そりゃあ俺は、こう言う不幸な事がしょちゅう有るから、結構、慣れっこなんだけどよぉ。

これじゃあ余りにも、カジと、グチが可哀想過ぎるだろ。

お前は知らないかも知れないがな。

コイツ等はなぁ、ステラに恩返しがしたいが為に、今までも必死になって練習を続けて来たんだぞ。


なのに、そりゃあ、あんまりだろ。


……あぁそう言えば、なんでステージ上にステラの奴が居るんだ?


まっ、まぁ、今は、そこは良いか。



「んあ?もぉ別に良いじゃんかよ。面倒臭ぇ」

「あのなぁ、馬鹿秀。カジとグチはなぁ、今日の為に必死に練習してきたんだぞ。それを『別に良いじゃん』とか『面倒臭ぇ』ってなんだよ!!テメェが勝手にやった事で、理不尽な事を抜かしてんじゃねぇぞ!!」

「ふ~~む。
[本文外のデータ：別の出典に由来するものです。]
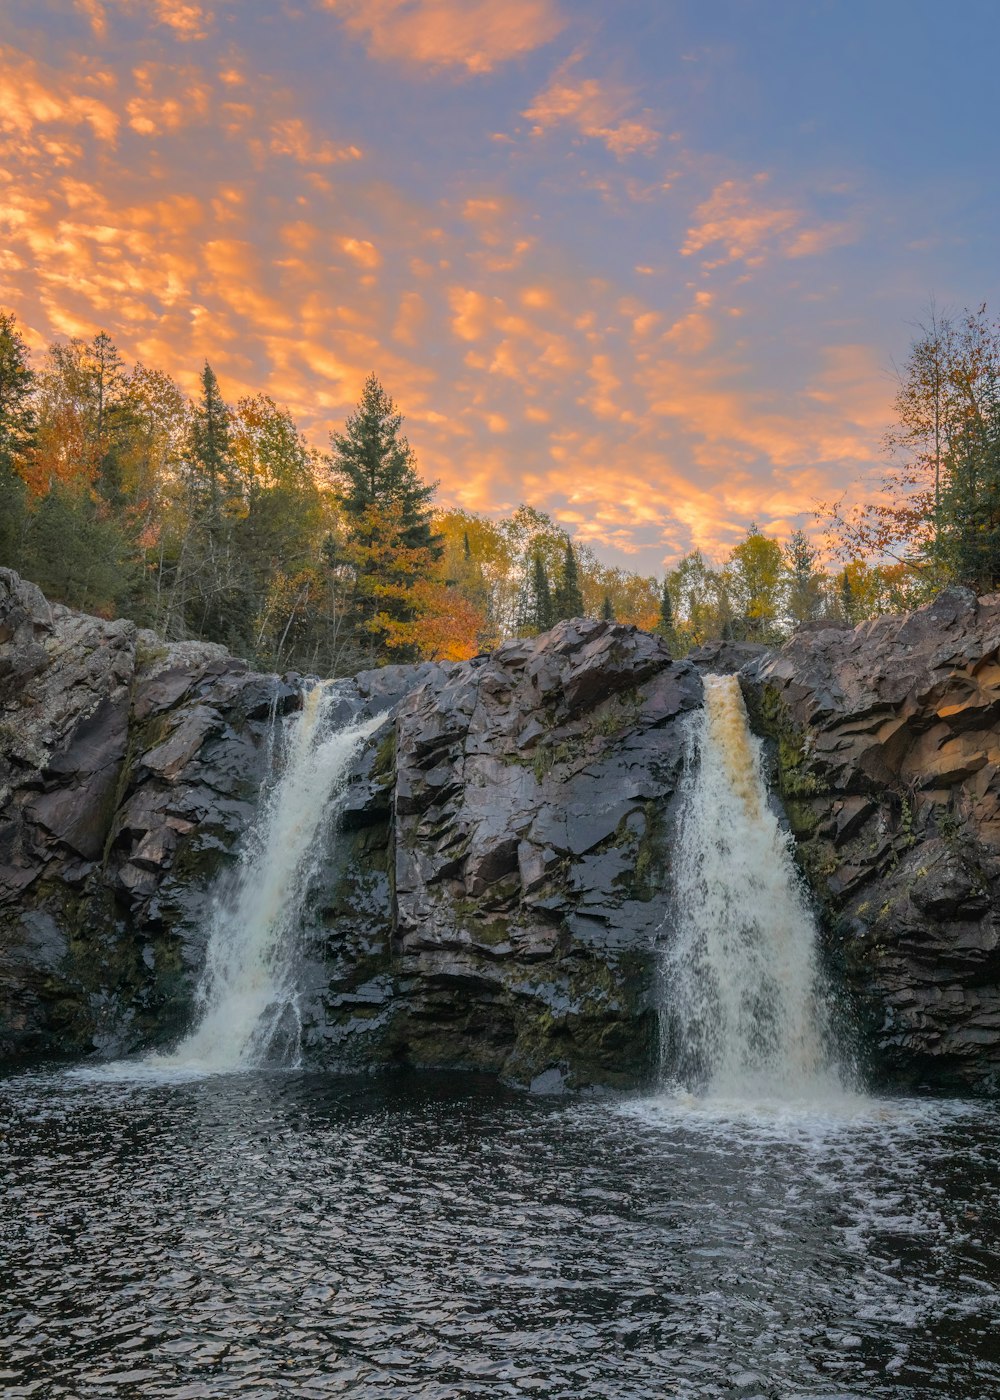 waterfalls on rocky mountain during sunset

……じゃあよぉ、オマエ等もアソコに乱入すれば良いじゃん、それで全部解決じゃん」

「出来るかぁ!!」

「はぁ?なんで出来ねぇんだよ?遠慮せずにやりゃあ良いじゃんかよ」


このアホは……

いつもこうやって親切・丁寧をモットーに、心の中で語ってやってるって言うのに。

幾ら言ってもテメェは、テメェのそのドデカイだけで訳の解らんスカスカの物差しで物事を全部計ろうとするんだろうなぁ?


良いかボケ?

人ってのはなぁ、それぞれの分を弁えて生きてんだよ。

それなのにも関わらず、ド素人の俺達に『3Bのライブに乱入しろだ』なんてよく言えたもんだな。


んな大胆な真似出来るかぁ!!このパープリンがぁ!!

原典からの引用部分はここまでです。